[OT] - C++ exceptions are becoming more and more problematic

Atila Neves atila.neves at gmail.com
Fri Mar 4 12:34:02 UTC 2022


On Thursday, 3 March 2022 at 15:35:03 UTC, Paul Backus wrote:
> On Thursday, 3 March 2022 at 12:05:11 UTC, Atila Neves wrote:
>> On Friday, 25 February 2022 at 00:30:49 UTC, H. S. Teoh wrote:
>>>
>>> Go, Zig, Rust, and Odin all require explicit checking for 
>>> error returns.
>>
>> Nope: 
>> http://web.mit.edu/rust-lang_v1.25/arch/amd64_ubuntu1404/share/doc/rust/html/reference/expressions/operator-expr.html#the-question-mark-operator
>>
>> Years ago, I justified my preference for exceptions because 
>> the rest of the call stack didn't have to be cluttered with 
>> "rethrowing". Having to pattern match is better, but still a 
>> pain.

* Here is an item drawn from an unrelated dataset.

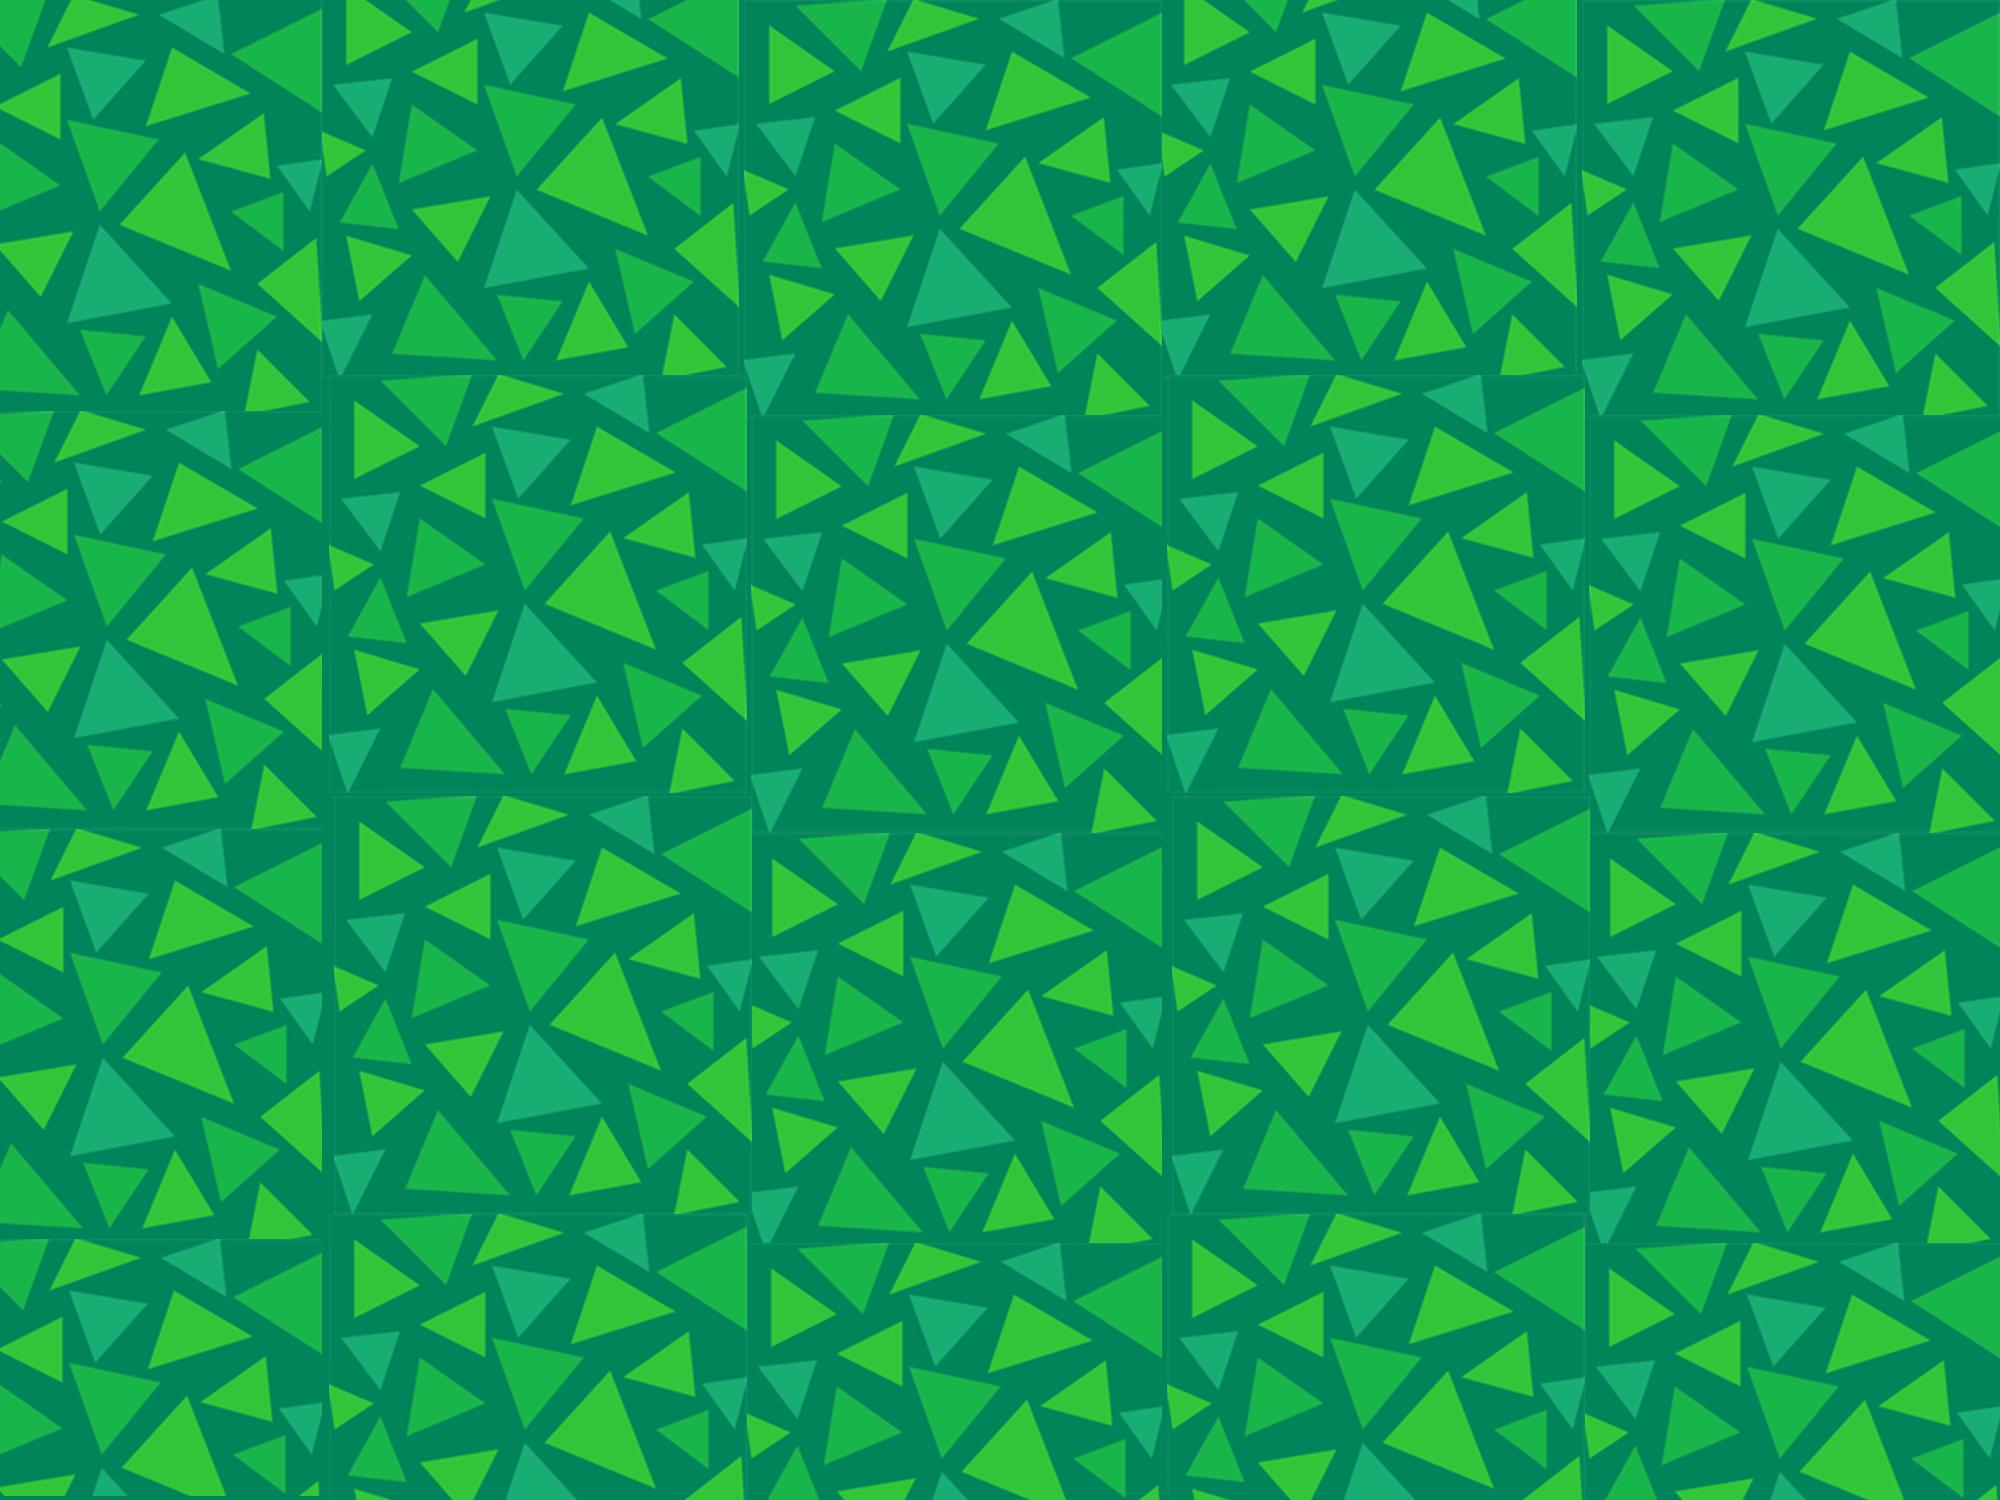 Animal Crossing Images Download Pixelstalk Net

The macro solution they went with is the only one I know 
>> of that is as easy to use as exceptions without the associated 
>> baggage.
>
> Swift has similar syntax sugar with its "try" keyword:
>
> https://docs.swift.org/swift-book/LanguageGuide/ErrorHandling.html
>
> And of course there are also more general-purpose language 
> features like Haskell's "do" notation [1] and Scala's "for" 
> comprehensions [2] that handle this as a special case.
>
> [1] https://en.m.wikibooks.org/wiki/Haskell/do_notation
> [2] https://docs.scala-lang.org/tour/for-comprehensions.html

I didn't know about Swift, thanks for the link.

I left out Haskell on purpose - do notation can do "anything" for 
certain values of "anything". Then people stack monad 
transformers 4 deep and I'm off to the hills. Or would be if I 
wrote Haskell, there's a reason I don't.